Fiction
Life is Like This Sometimes
Barry Gifford
Twenty-seven years ago I rode the train from Oakland, California, to Ogden, Utah, where I arrived at Sunday midnight. From there I had to catch a bus to Logan, to meet a friend. The next one was not scheduled to depart until six A.M., so I had several hours to kill in Ogden, a town I did not know.
It was late November, very cold, snow and ice on the ground. I walked into a bar full of Indians. The name of the place was Dot's Hot Spot. I took a stool and ordered a beer from the bartender, who resembled a retired Irish cop from Chicago I used to talk to at the racetrack named Eddie Dooley. Dooley had been forced to retire after the horse he'd been riding down State Street during a Saint Patrick's Day parade had collapsed from a heart attack, fallen on Eddie and crushed his right leg. One day at Sportsman's he told me he was now "takin' it out on the ponies." The last I heard of Eddie he was repairing refrigerators.
Dot's Hot Spot stayed open all night and was full of Indians who were either already drunk or about to be. During the course of the night several men slid off their stools and collapsed to the floor, where they remained undisturbed until they recovered or woke up and again took a place at the bar. The popular belief among white men was that Indians could not hold their liquor particularly well. From what I had observed by that time—I was twenty-six—neither could most white men.

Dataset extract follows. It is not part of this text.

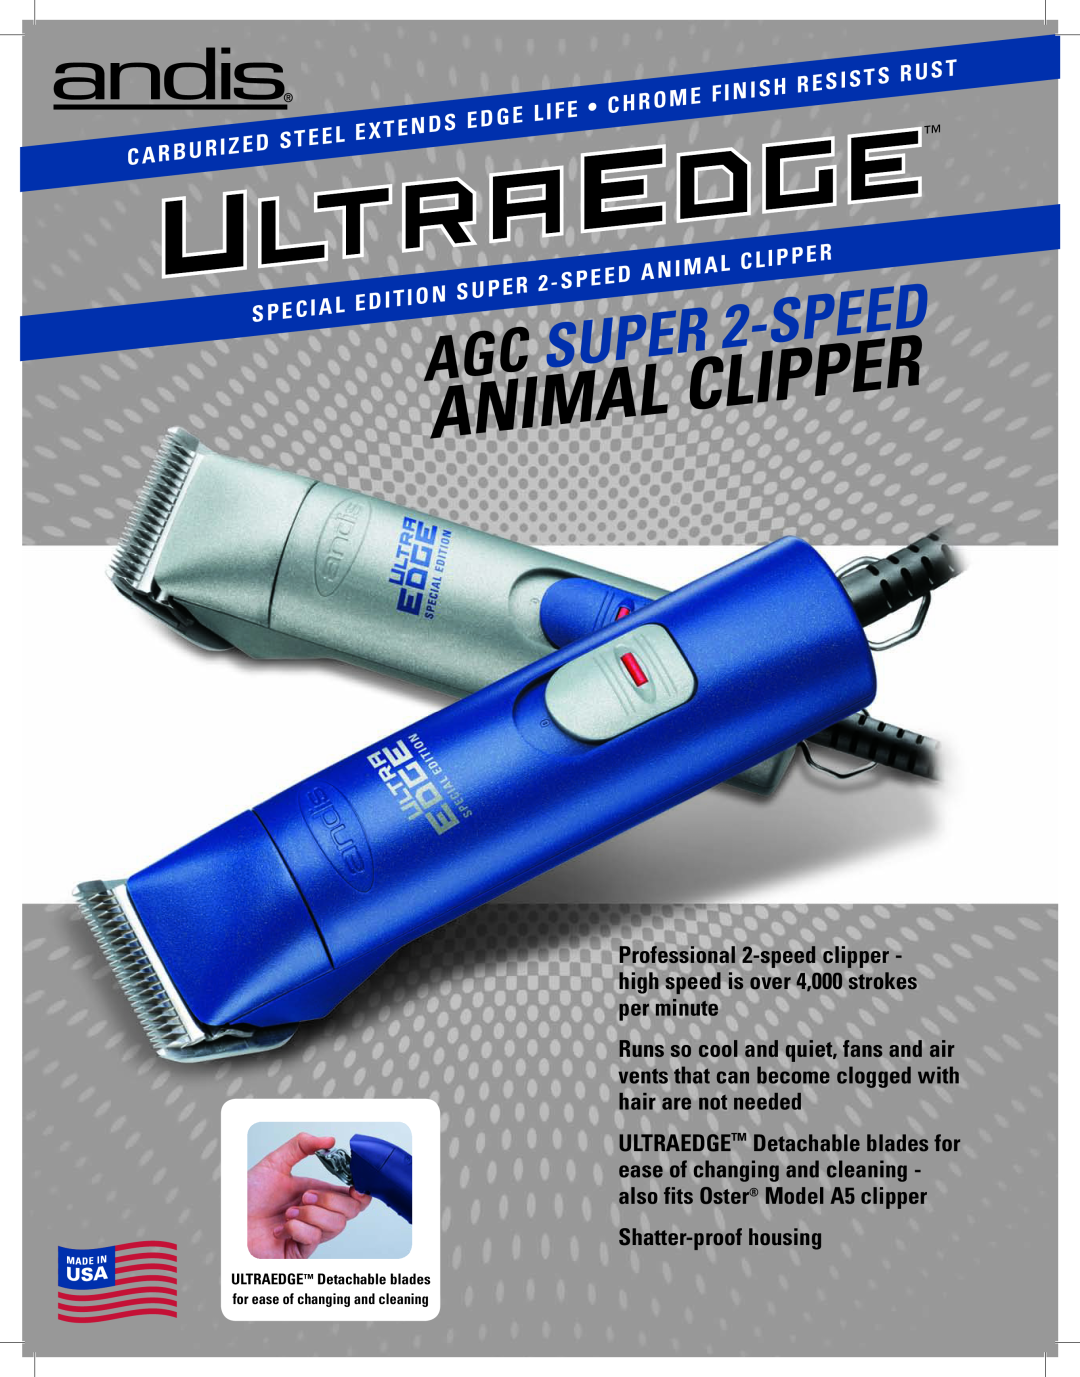 Andis Company AGCL manual Animal, Clipper, Agc Super, Speed, Shatter-proofhousing, Finish, Resists, Chrome, Edge, Life

I sipped my beer, listened to Charlie Rich and Freddie Fender on the Rock-ola, and kept an eye out for trouble that might be headed my way. I didn't want trouble, I just wanted to get to Logan. A white man with red hair cut short who looked to be about forty-five years old came in and sat down on the stool to my left. He ordered a shot of bar whiskey and a beer. He nodded at me.
"Looks like we're in the minority," he said.
"Oh, I don't know," I said. "I think most of these boys are drinking about the same as us."
"You got a point, hotshot," he said.
We talked for a while. His name was Rigney. I never asked if it was his first, last, or only. He told me he had been up to Draper to visit his sister, who was doing a dime for armed robbery.
"She knocked down a couple or three laundromats," Rigney said, "along with her boyfriend, Walter Topper. He put Rita up to it. Hotshot jumped bail, but he can't stay disappeared forever. I'd hunt Walter Topper down and take him out of the count, Rita wanted me to."
We drank more. Rigney switched from whiskey to Tequila somewhere along in there while I nursed a few beers. I wasn't much of a drinker and I did not want to risk being kept from boarding the bus because I was drunk. I had promised to meet my friend in Logan by nine-thirty.
Rigney rolled up his shirtsleeves. Tattooed in large gothic letters on his left forearm was the name RUTH. A few Indians got into a tussle at the other end of the bar but it didn't travel. To my relief, it was a pretty quiet night in Dot's Hot Spot. Toward morning it occurred to me to ask Rigney who Ruth was.
"I don't know anybody named Ruth," he said.
We didn't talk after that except to say goodbye and good luck. At five-thirty I left the bar and went to catch my bus. Two of the Indians who had been in Dot's Hot Spot staggered into the Trailways station. The taller of the two wore a calico half-Stetson and had a braid halfway down his back. He was one of the men that had been involved in the brief scuffle. A cop stopped them and ordered them to go outside and come back later when they were sober. The shorter Indian, who was hatless, passed out and slumped to the ground. His partner went out the door in a hurry. The cop picked up the Indian who had collapsed under his arms and dragged him outside.
From the window of the bus as it pulled out of Ogden I saw Rigney walking on the side of the road. It was snowing and he didn't have a coat.